I think the details make a big difference. Maybe not everyone will notice them but it has an impact on how much fun I have on Halloween and the overall feel of the display. It also depends how much time you have. I remember reading a post once about details and that some people got disappointed because people did not notice details. That is not what the display is about though.

I really have no more storage room so this year spent more time on details and making everything a little creepier.

You have to do what you want. Here is something to keep in mind. With all the stuff we put out, about 20 tombstones and 30 figures there are two things that seem to get people the most... a pair of feet sticking out from under the garage and our Bassett hound that sat on the stairs you could see from the front door.


----------



## DaveintheGrave (Feb 12, 2004)

I know what you mean about running out of storage space. LOL
I detail the heck out of my props! That's why it takes me so long to finish one.
Plus I'm a perfectionist!


----------



## Not-so-sunny-lane (Jan 31, 2009)

This is the first year I'm putting some focus on my house itself. I always let me flower beds get a little overgrown this time of the year which is easy since everything starts dying out anyway. This year we're moving all the vehicles to another house, I've made "boards" to board up the windows and putting caution tape around the front porch with a big "Condemned--Do not enter!" sign.
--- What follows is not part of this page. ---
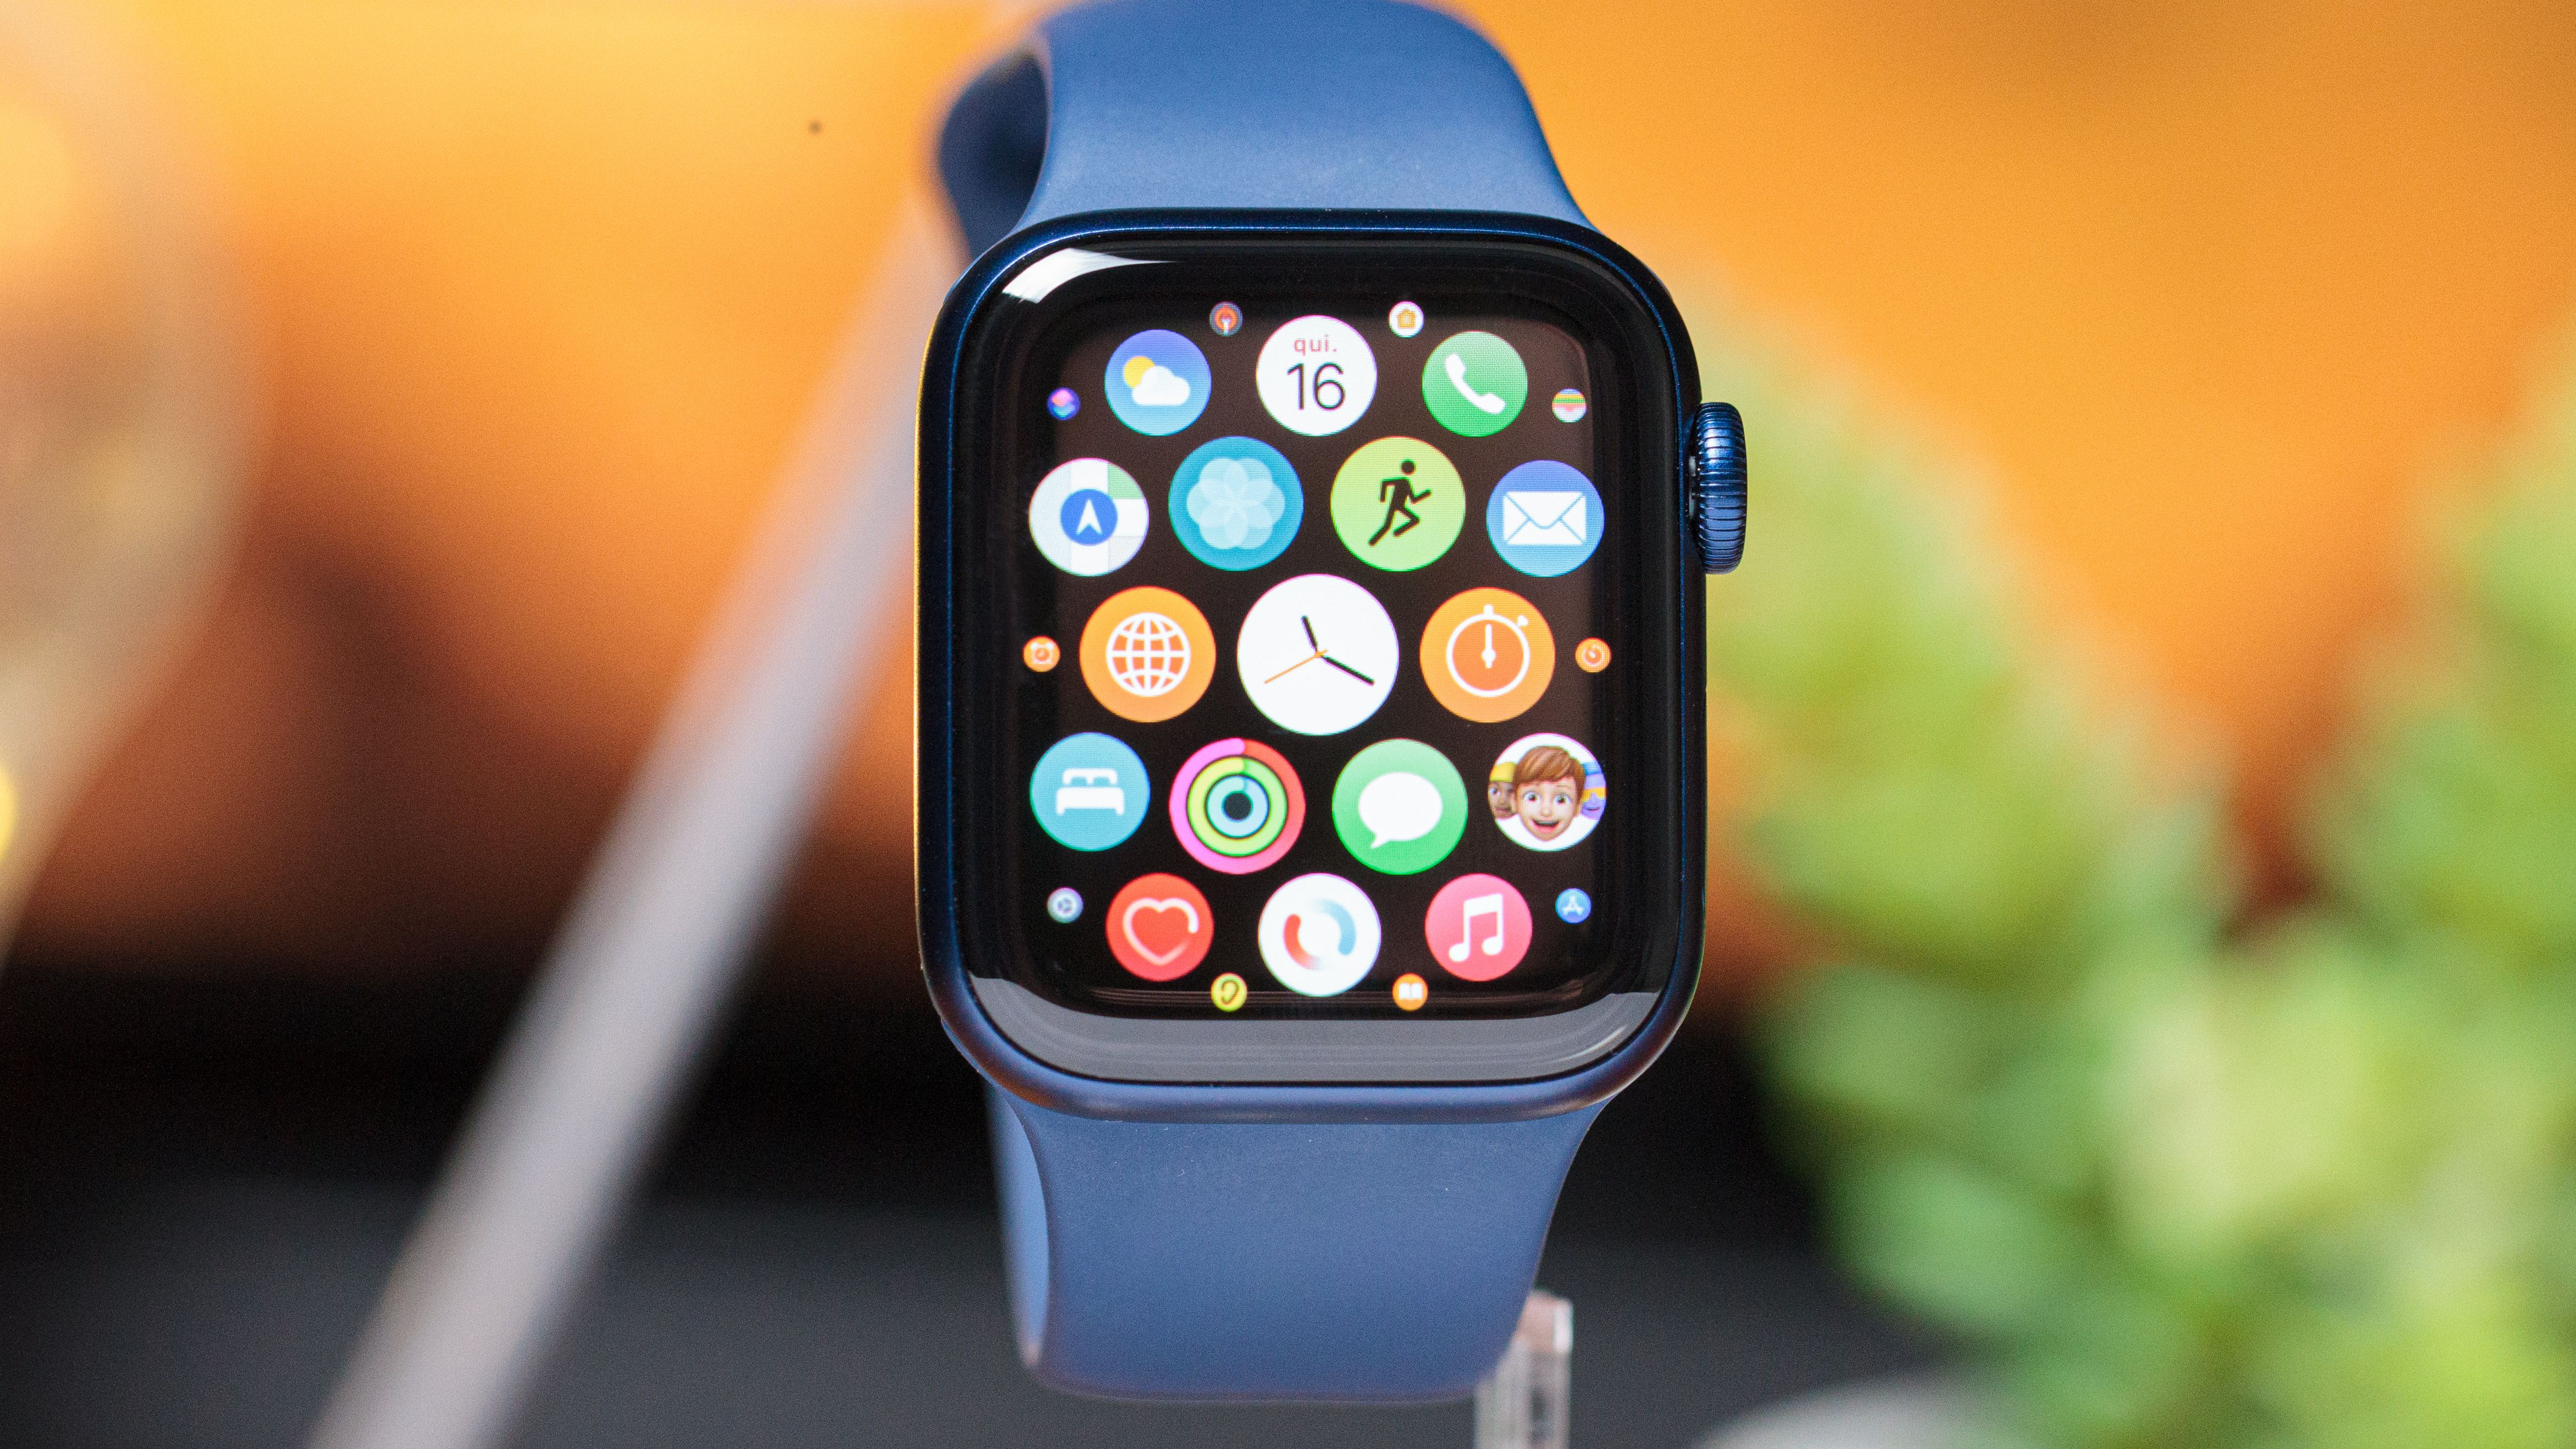 Smartwatch Apple Watch Series 3 42,0 mm 8 GB com o Melhor Preço é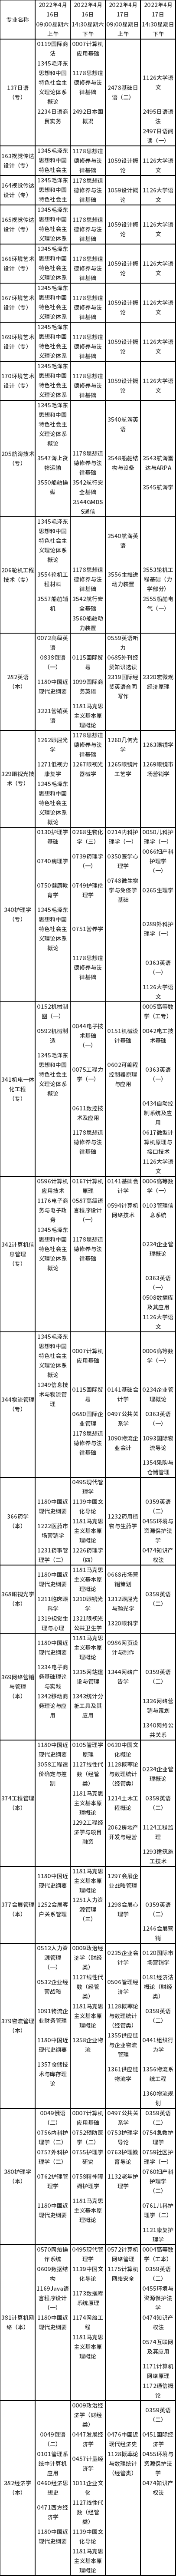 天津市2022年4月自学考试课程考试时间安排表

Plus I threatened my husband within an inch of his life if he gives in to his OCD urge to start raking leaves! 

I credit this forum to making me realize I need to de-suburbanize my house. I'm hoping it will add a new element to my yard haunt.


----------



## Terra (Sep 23, 2007)

I detail also because the cemetery is out for 30 days, 24 hours, and I wanted it to look as creepy in the daytime as the night. 

Right on, *Not-so-sunny-lane*...my house is as suburban as you can get. It needs a costume too


----------



## Muffy (Sep 25, 2006)

Yes I guess you could say we do! The rooms that we work with in the house have a million details from the ceiling to the floor. We have 4 rooms that have a lot of detail. This year is the Funeral Parlors 1st season so its the one we will really work on next year. I have enough to just show it this year but next year we will detail that room with all the extras. 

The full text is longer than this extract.